Least squares fitting $\sum (f(x_i)-y_i)^2$ is very commonly used and well loved. Sum of squared fitting can be solved using just linear algebra. One of the most convincing use cases to me of linear programming is doing sum of absolute value fits $\sum |f(x_i)-y_i|$  and maximum deviation fits $\max_i |f(x_i)-y_i|$. These two quality of fits are basically just as tractable as least squares, which is pretty cool.

The trick to turning an absolute value into an LP is to look at the region above the graph of absolute value.

This region is defined by $y \ge x$ and $y \ge -x$. So you introduce a new variable y. Then the LP $\min y$ subject to those constraints will minimize the absolute value. For a sum of absolute values, introduce a variable $y_i$ for each absolute value you have. Then minimize $\sum_i y_i$. If you want to do min max optimization, use the same y value for every absolute value function.

$\min y$

$\forall i. -y \le x_i \le y$

Let’s change topic a bit. Chebyshev polynomials are awesome. They are basically the polynomials you want to use in numerics.

Chebyshev polynomials are sines and cosines in disguise. They inherit tons of properties from them. One very important property is the equioscillation property. The Chebyshev polynomials are the polynomials that stay closest to zero while keeping the x^n coefficient nonzero (2^(n-2) by convention). They oscillate perfectly between -1 and 1 on the interval $x \in [-1,1]$ just like sort of a stretched out sine. It turns out this equioscillation property defines the Chebyshev polynomials

We can approximate the Chebyshev polynomials via sampling many points between [-1,1]. Then we do min of the max absolute error optimization using linear programming. What we get out does approximate the Chebyshev polynomials.

import cvxpy as cvx
import numpy as np
import matplotlib.pyplot as plt

# try finding the 3 through 5 chebyshev polynomial
for N in range(3,6):
a = cvx.Variable(N) #polynomial coefficients
t = cvx.Variable()
n = np.arange(N) #exponents

xs = np.linspace(-1,1,100)
chebcoeff = np.zeros(N)
chebcoeff[-1] = 1
plt.plot(xs, np.polynomial.chebyshev.chebval(xs, chebcoeff), color='r')

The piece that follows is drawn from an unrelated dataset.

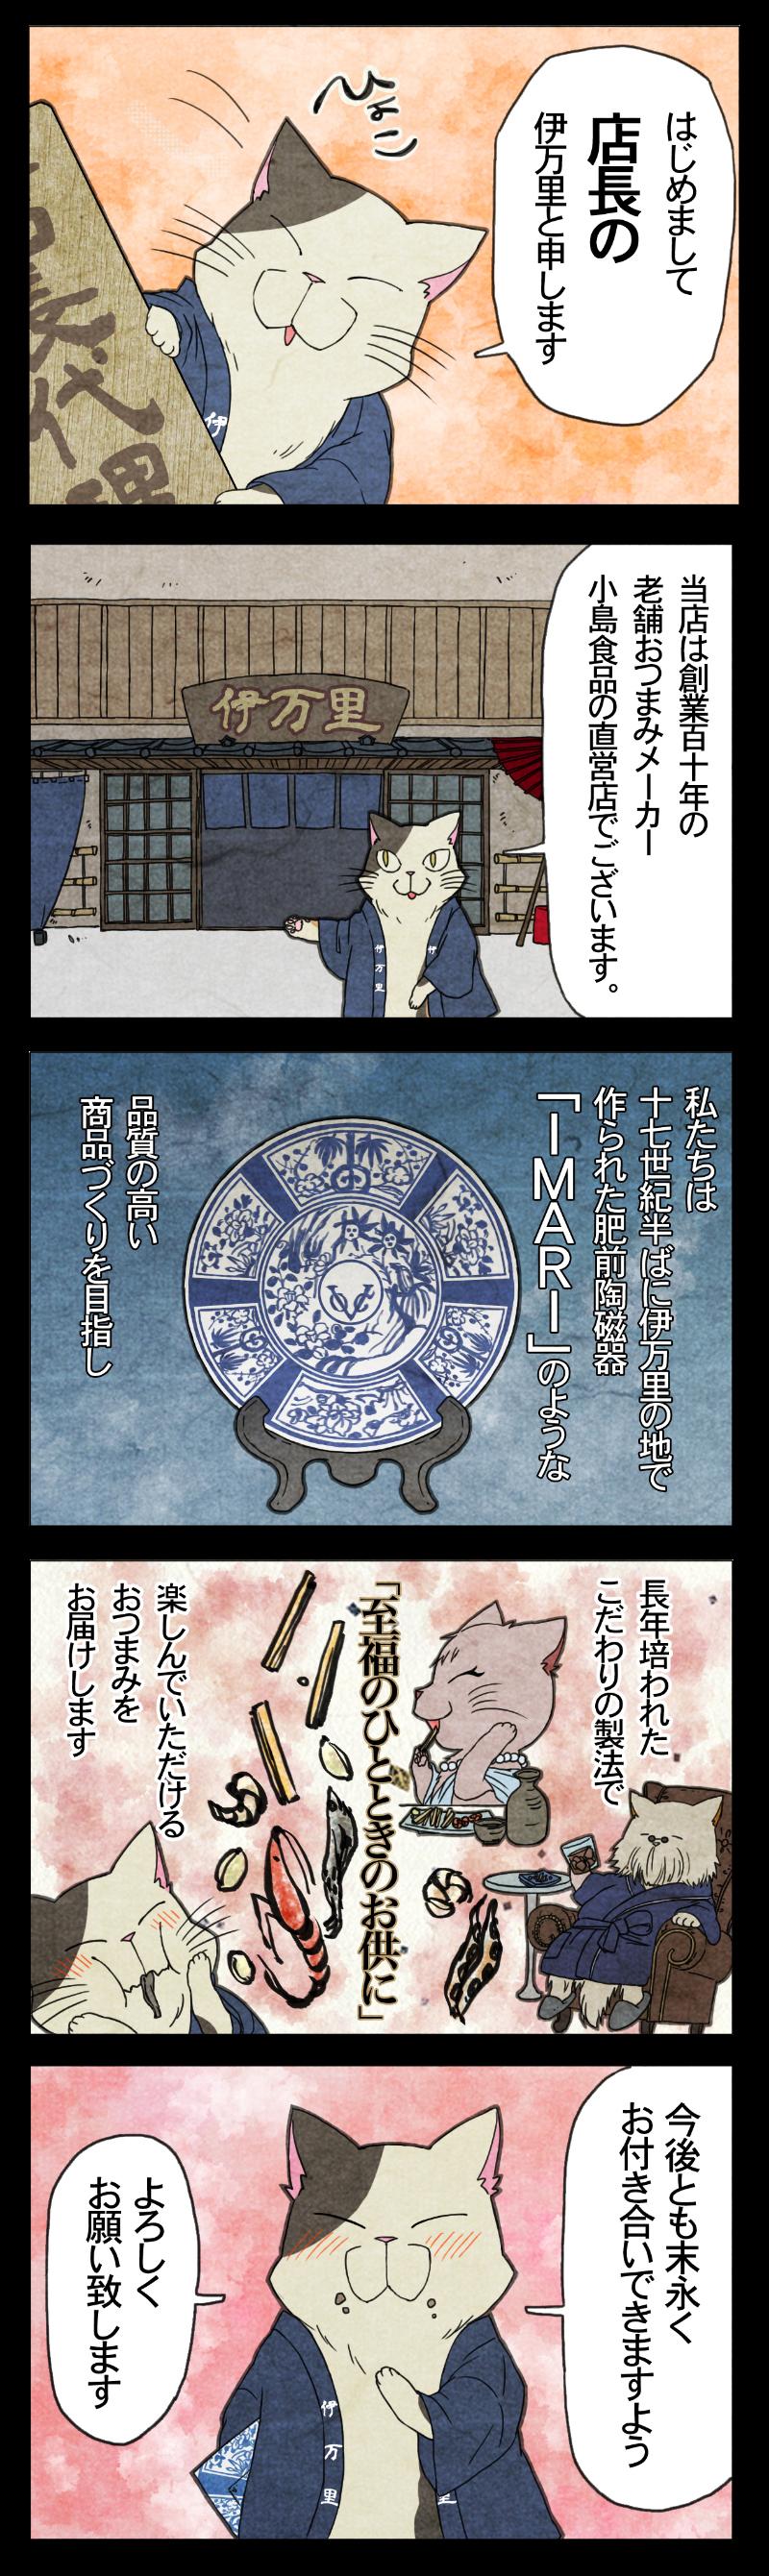 珍味 四コマ 漫画 古伊万里浪慢 店長 猫 おつまみギャラリー伊万里 小島食品工業 直営店
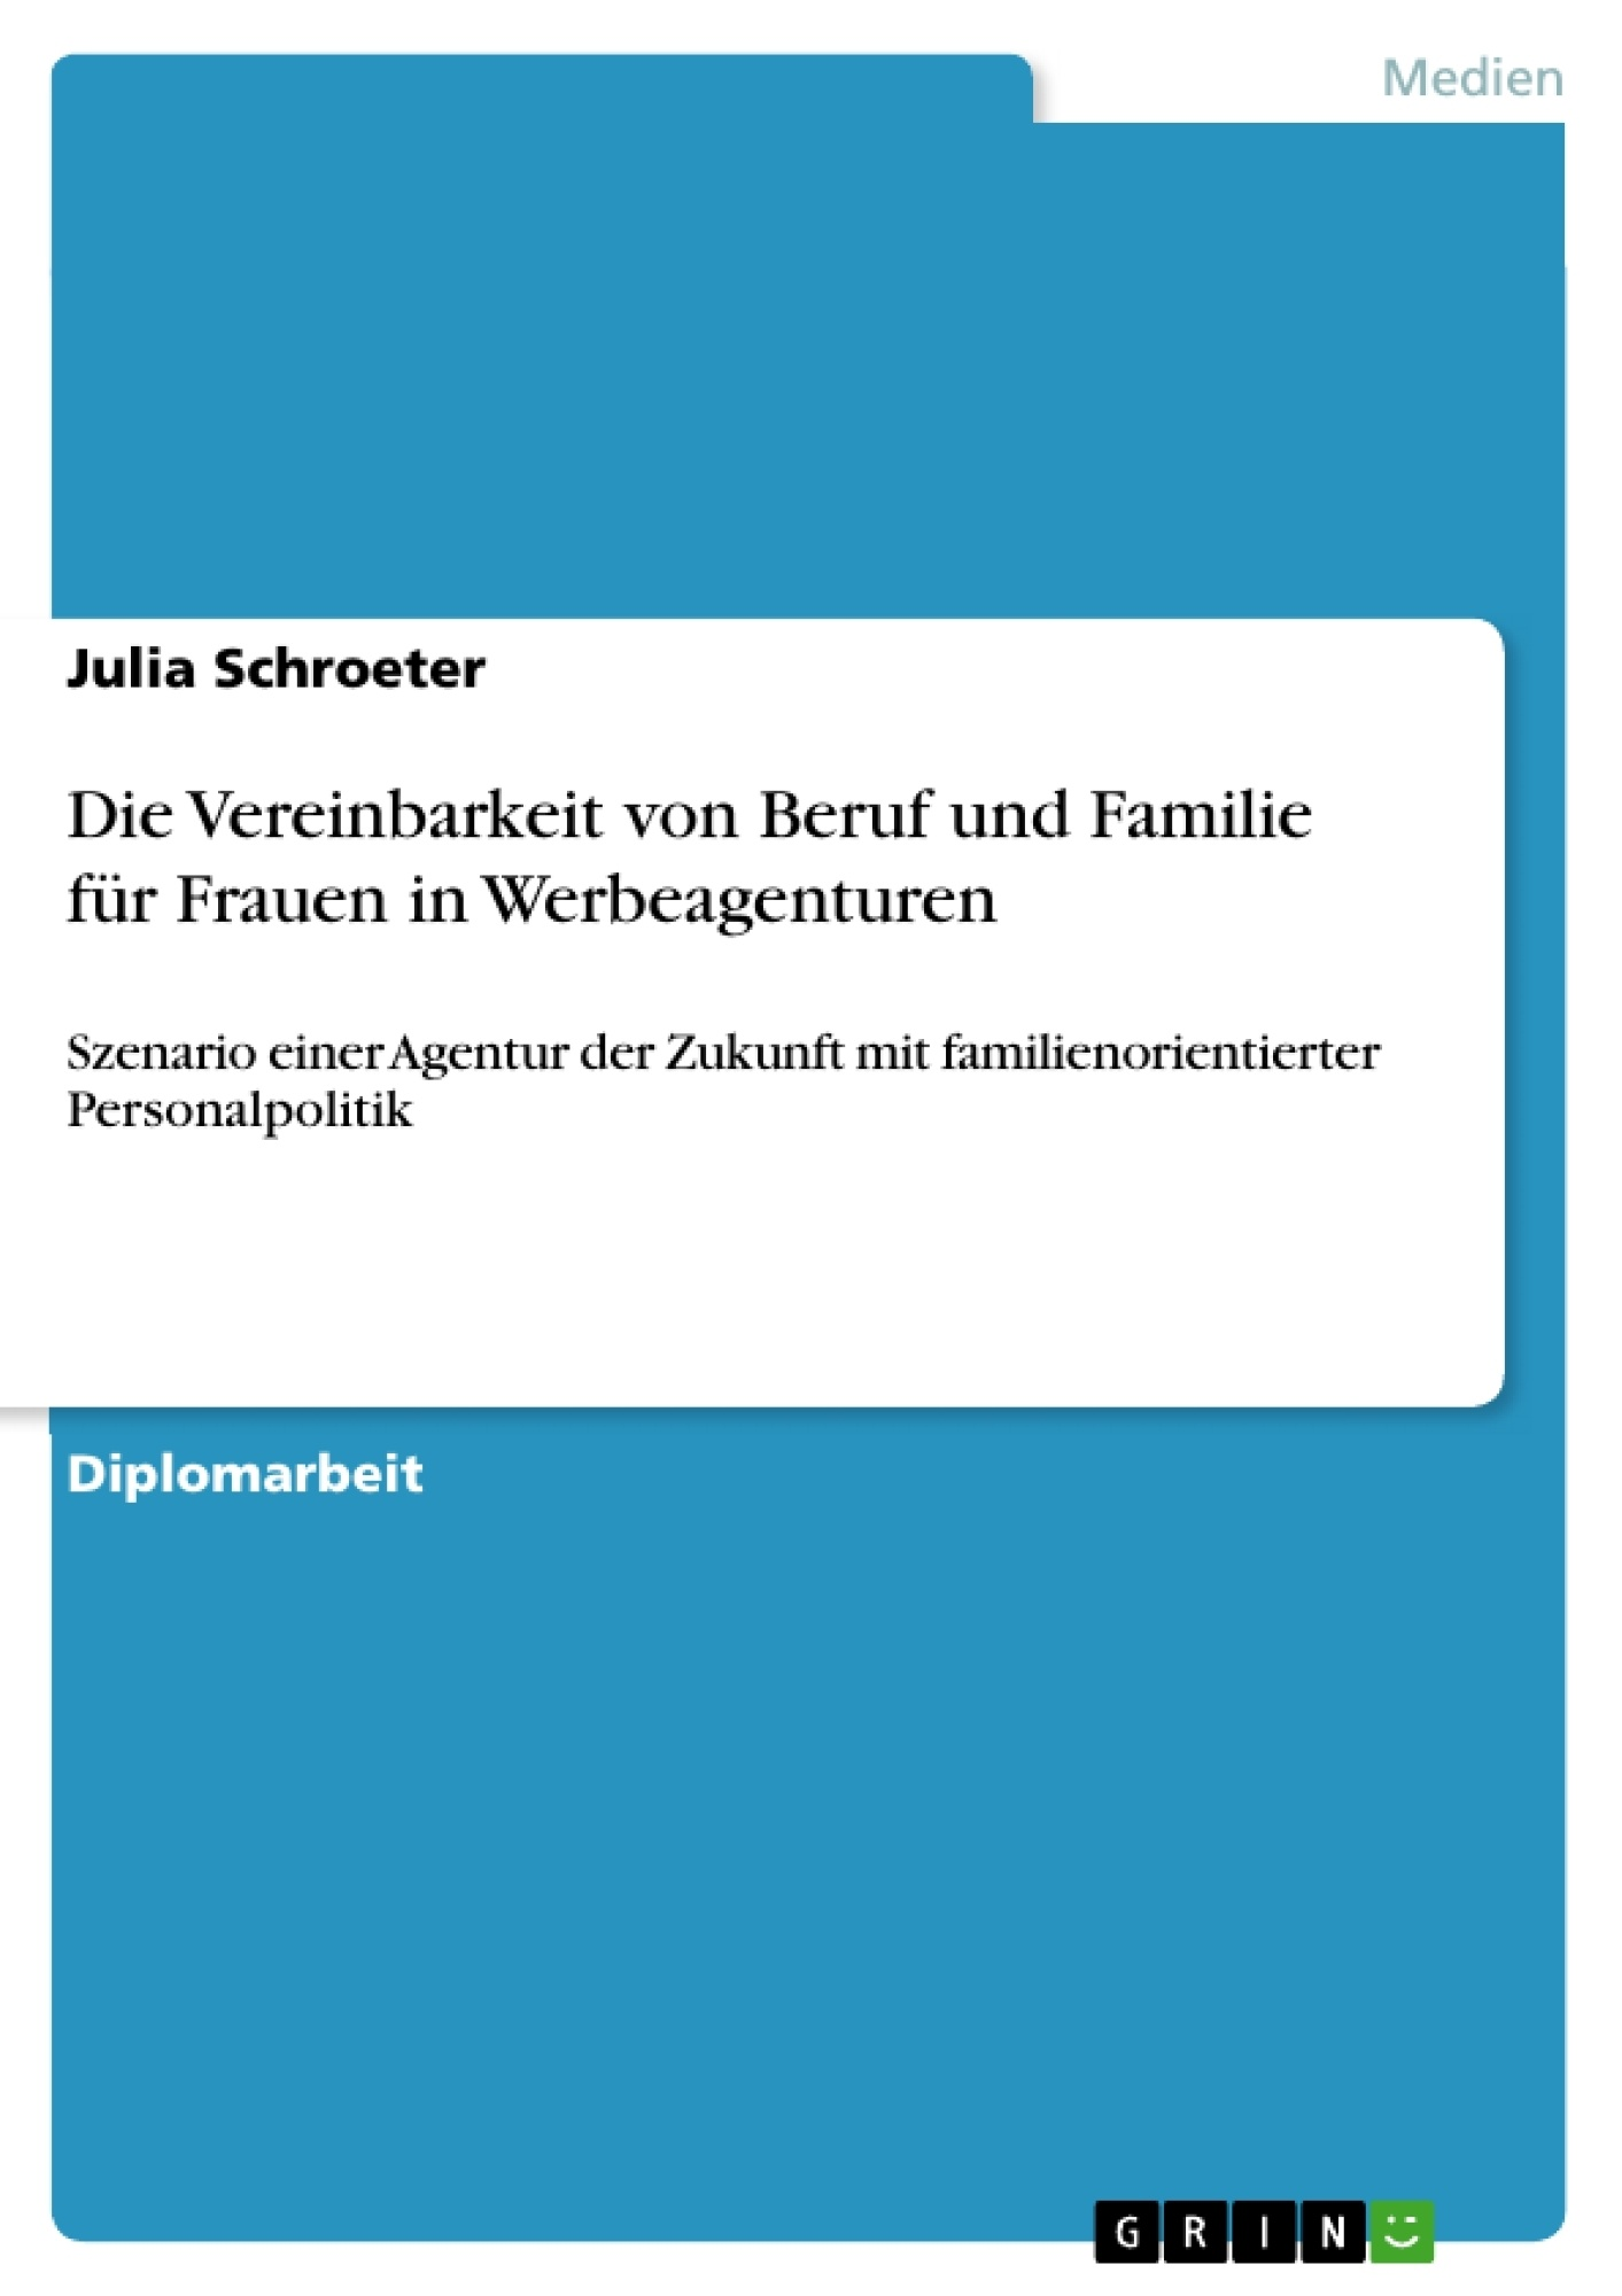 Titel: Die Vereinbarkeit von Beruf und Familie für Frauen in Werbeagenturen

constraints = [a[-1]==2**(N-2)] # have to have highest power
for k in range(100):
x = np.random.rand()*2-1 #pick random x in [-1,1]
c = cvx.sum(a * x**n) #evaluate polynomial

constraints.append(c <= t)
constraints.append(-t <= c)

obj = cvx.Minimize(t) #minimize maximum aboslute value
prob = cvx.Problem(obj,constraints)
prob.solve()
plt.plot(xs, np.polynomial.polynomial.polyval(xs, a.value), color='g')
print(a.value)

plt.show()

Found Coefficients:
[-9.95353054e-01  1.33115281e-03  1.99999613e+00]
[-0.01601964 -2.83172979  0.05364805  4.00000197]
[ 0.86388003 -0.33517716 -7.4286604   0.6983382   8.00000211]

Red is the actual Chebyshev polynomials and green is the solved for polynomials. It does a decent job. More samples will do even better, and if we picked the Chebyshev points it would be perfect.

Can we do better? Yes we can. Let’s go on a little optimization journey.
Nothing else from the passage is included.